What you need to do: Leaving out the images, return the data below exactly as it is written.

[Records from a data source]
◆ ◆ ◆

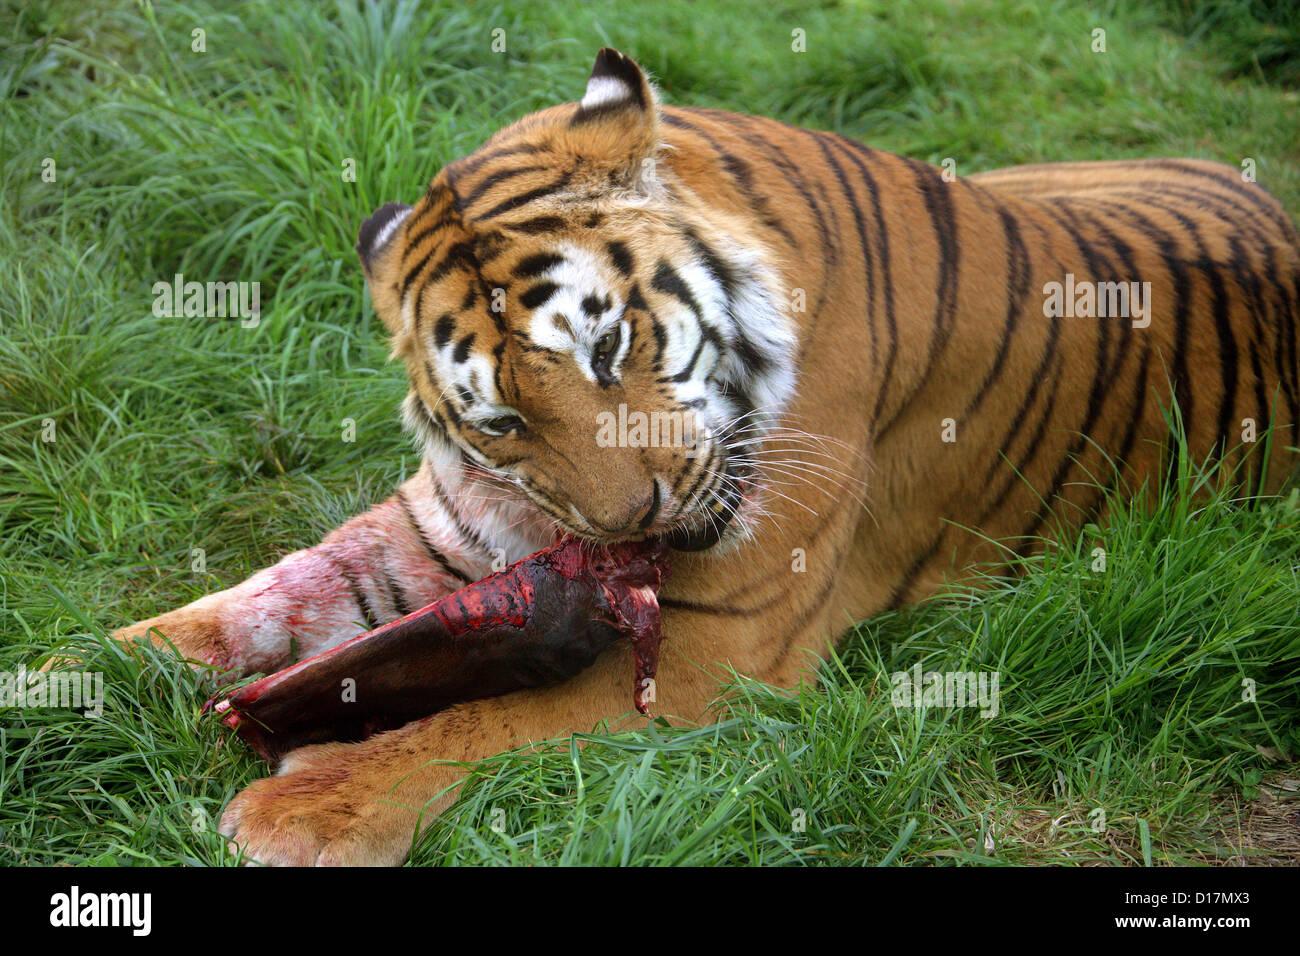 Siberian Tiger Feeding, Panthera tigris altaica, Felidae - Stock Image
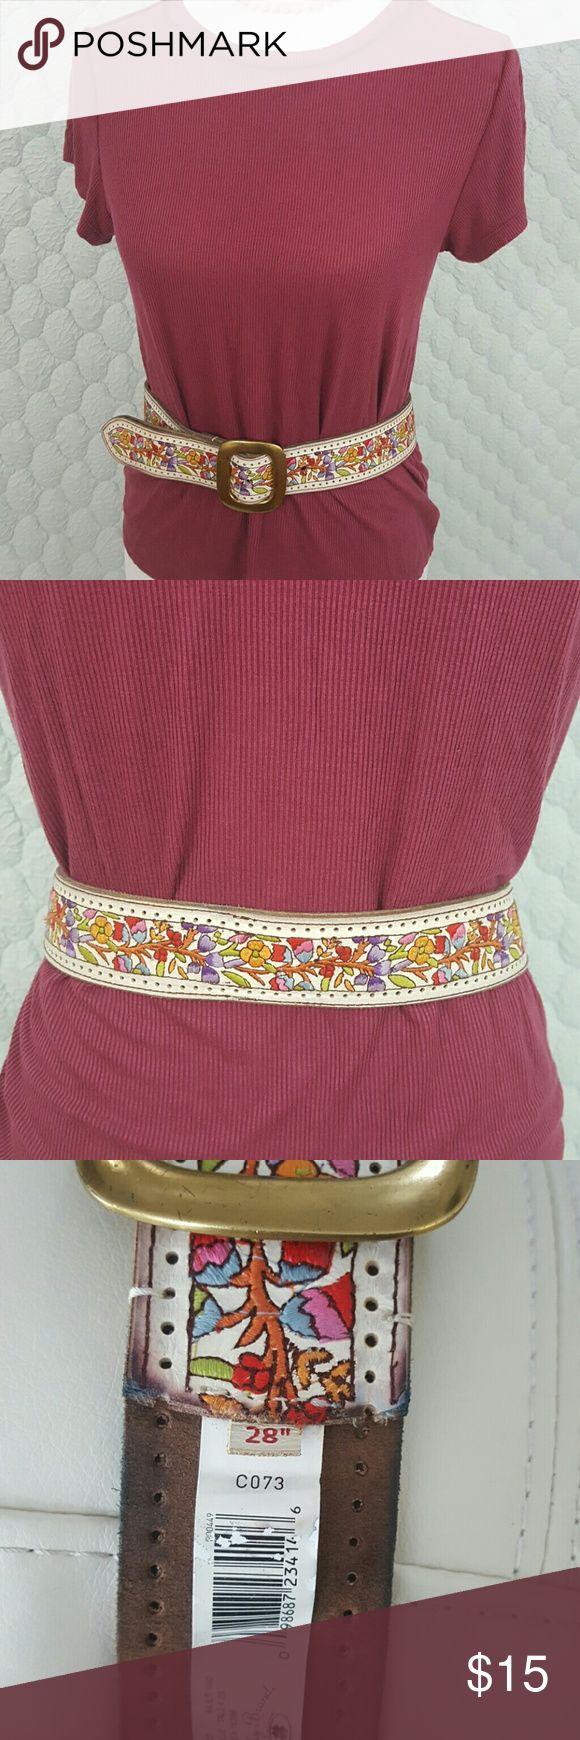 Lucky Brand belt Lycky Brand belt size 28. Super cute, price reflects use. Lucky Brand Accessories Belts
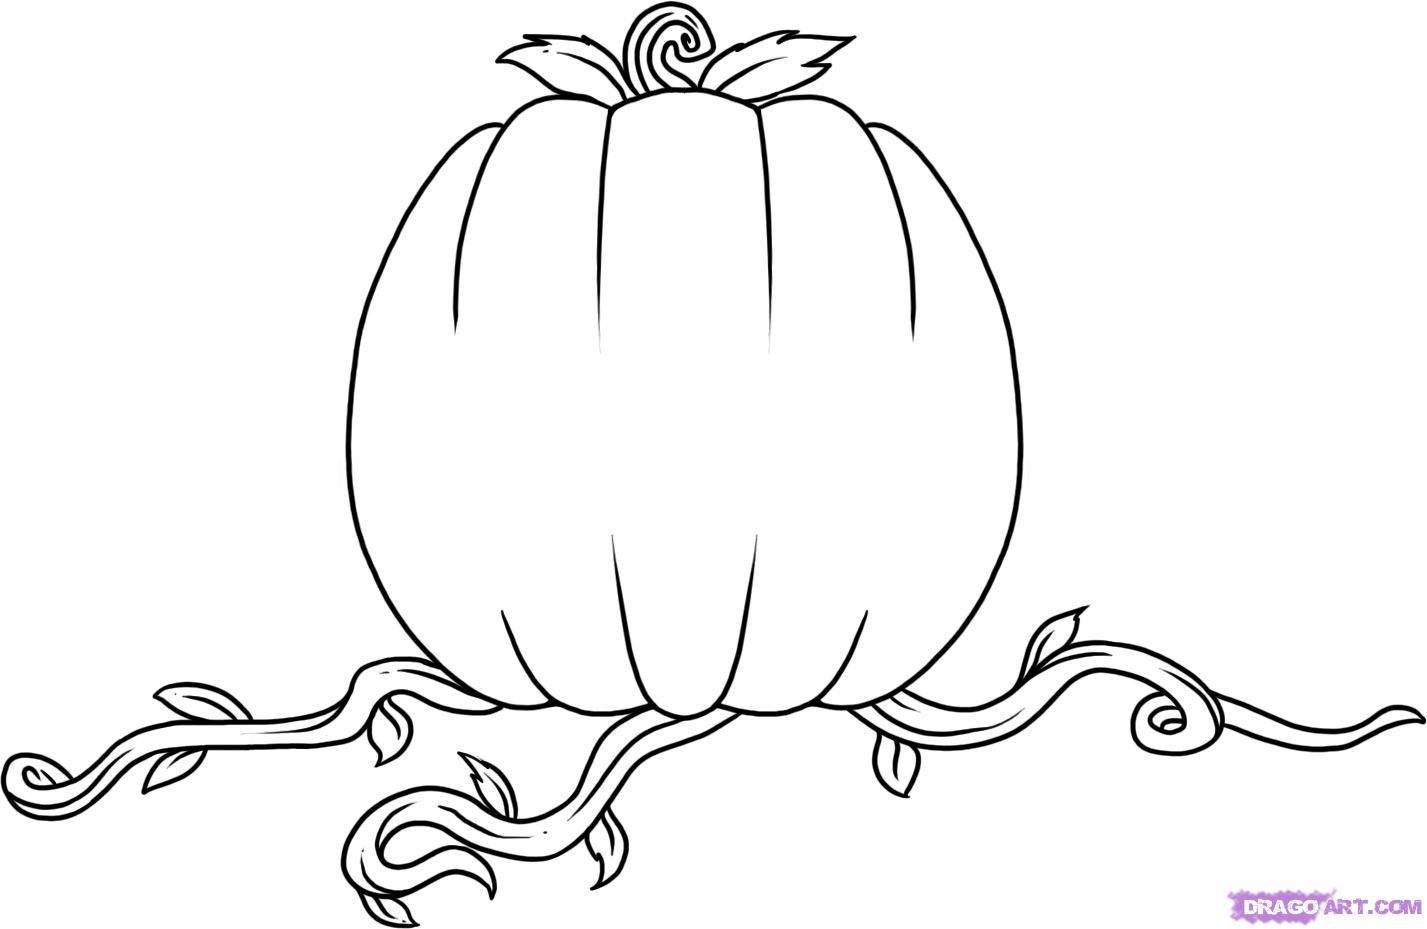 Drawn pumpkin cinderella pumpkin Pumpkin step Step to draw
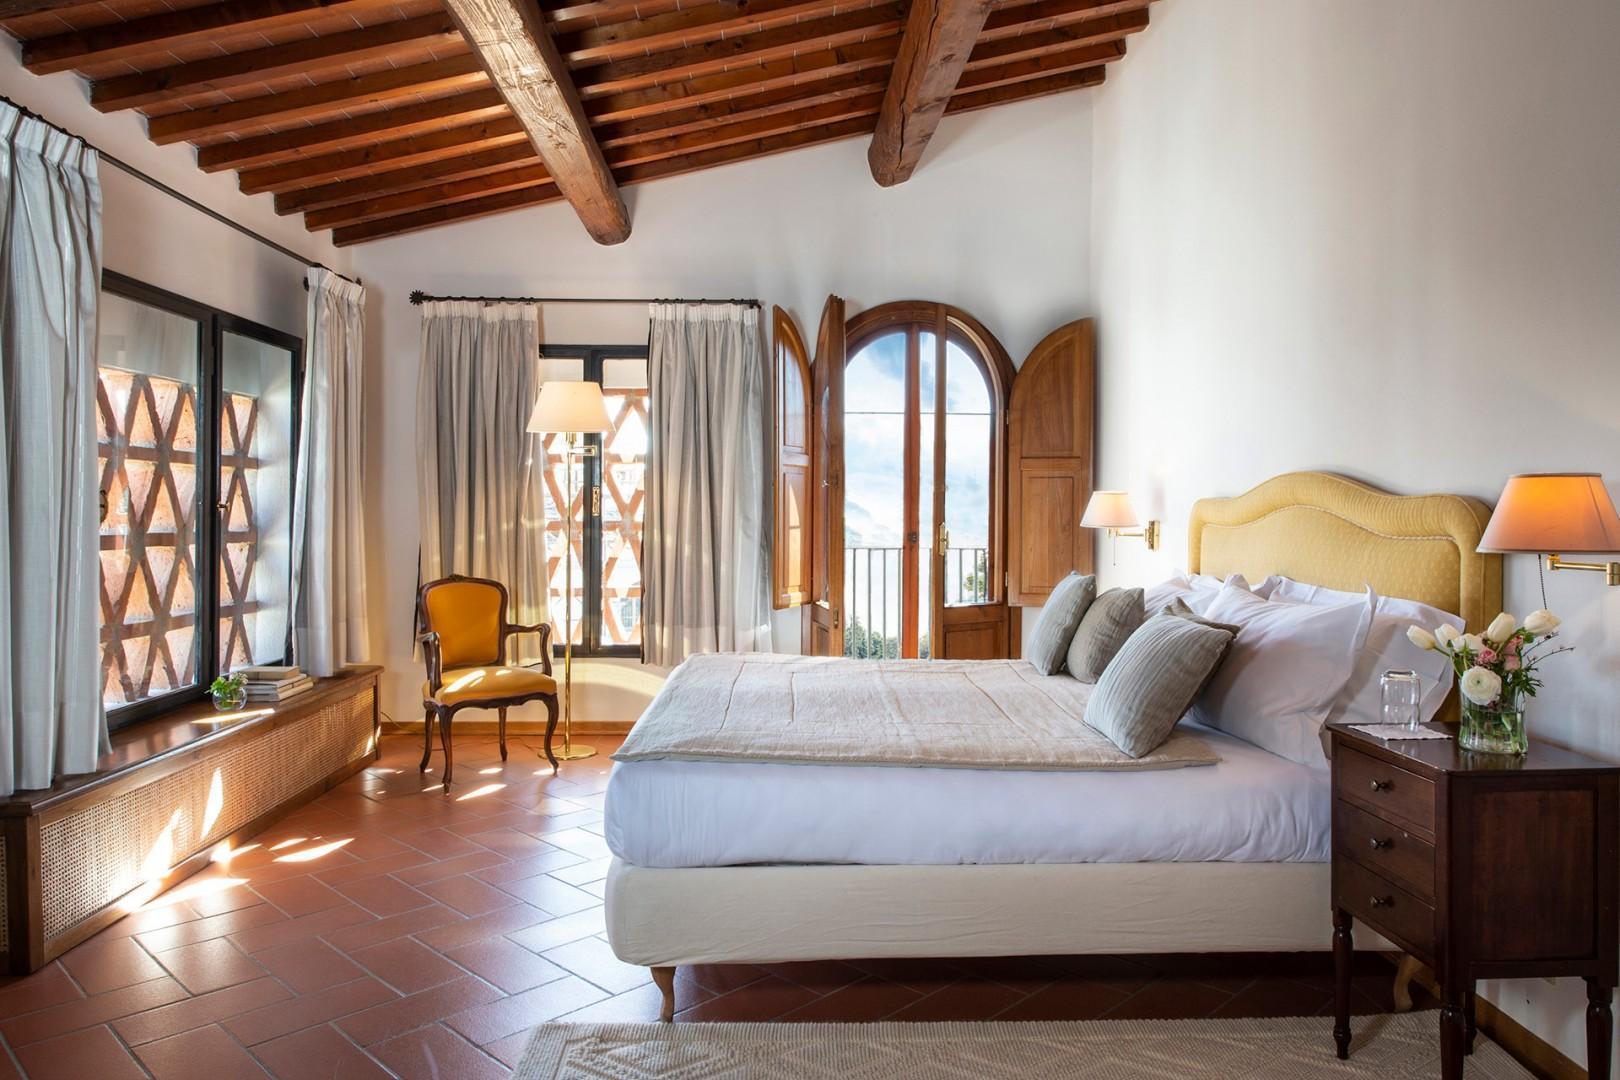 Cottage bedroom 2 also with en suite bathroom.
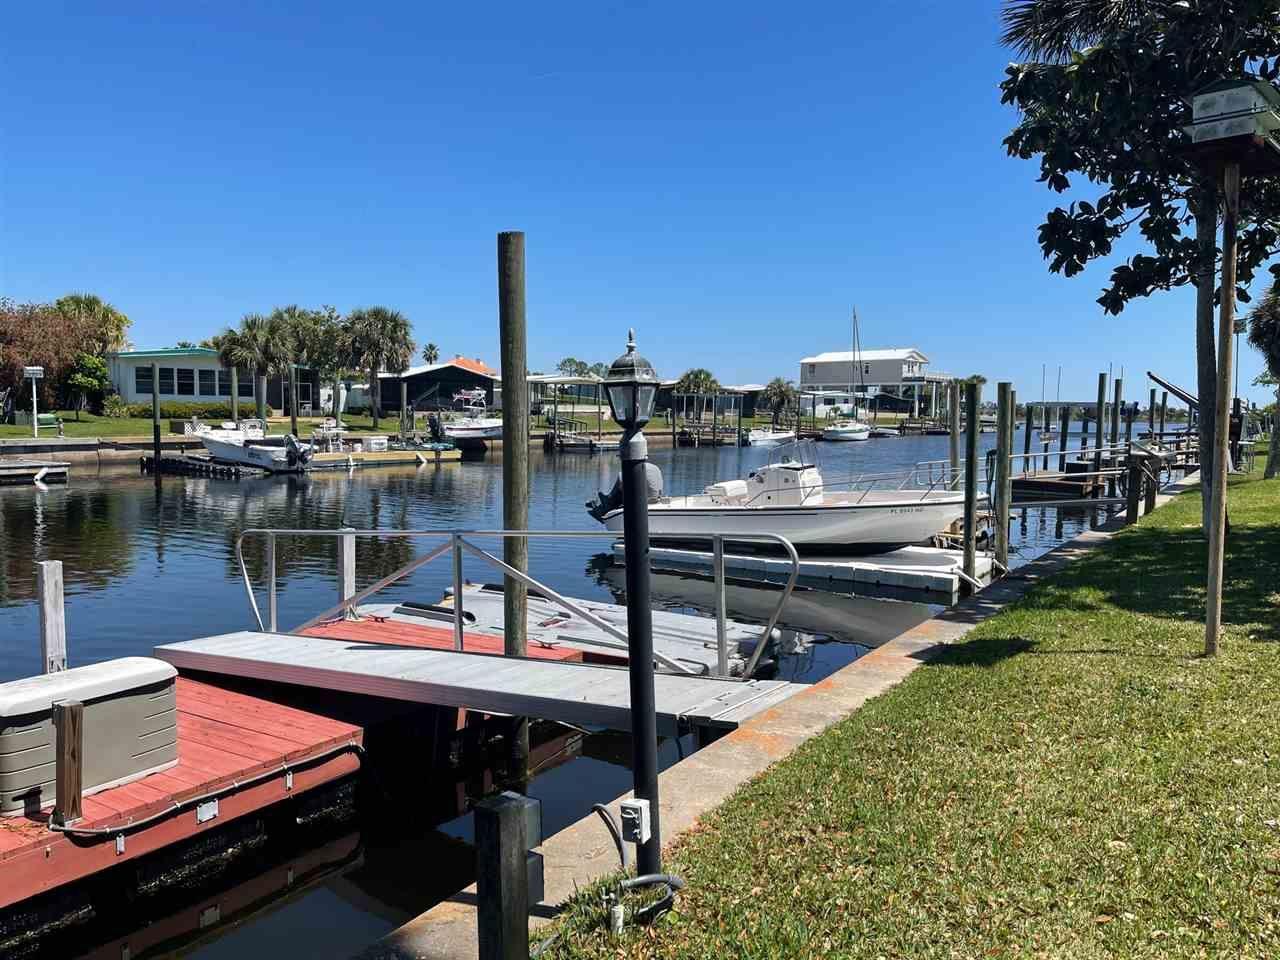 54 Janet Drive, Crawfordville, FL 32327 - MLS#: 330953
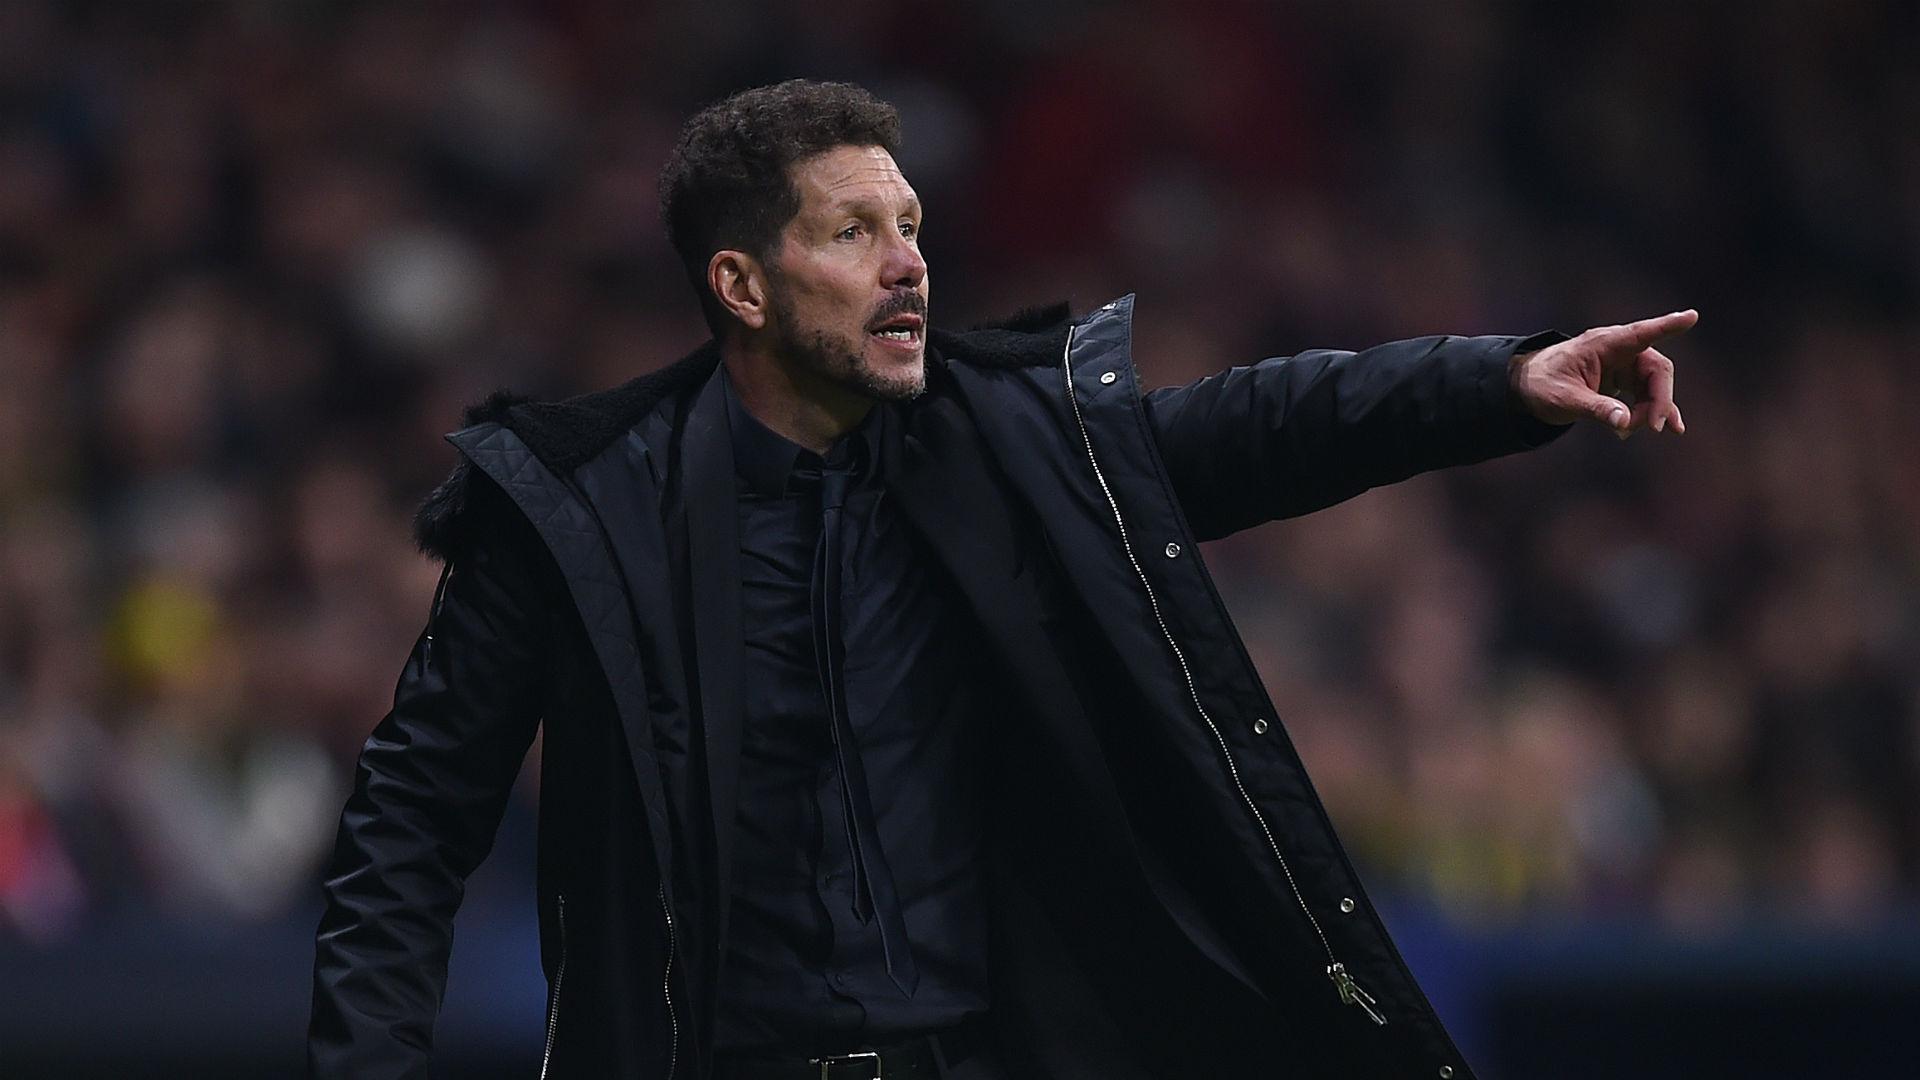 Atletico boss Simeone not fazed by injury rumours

◆ ◆ ◆

Response:
 Siberian Tiger Feeding, Panthera tigris altaica, Felidae - Stock Image
 Lucky Brand belt Lycky Brand belt size 28. Super cute, price reflects use. Lucky Brand Accessories Belts
 Drawn pumpkin cinderella pumpkin Pumpkin step Step to draw
 Cottage bedroom 2 also with en suite bathroom.
 54 Janet Drive, Crawfordville, FL 32327 - MLS#: 330953
 Atletico boss Simeone not fazed by injury rumours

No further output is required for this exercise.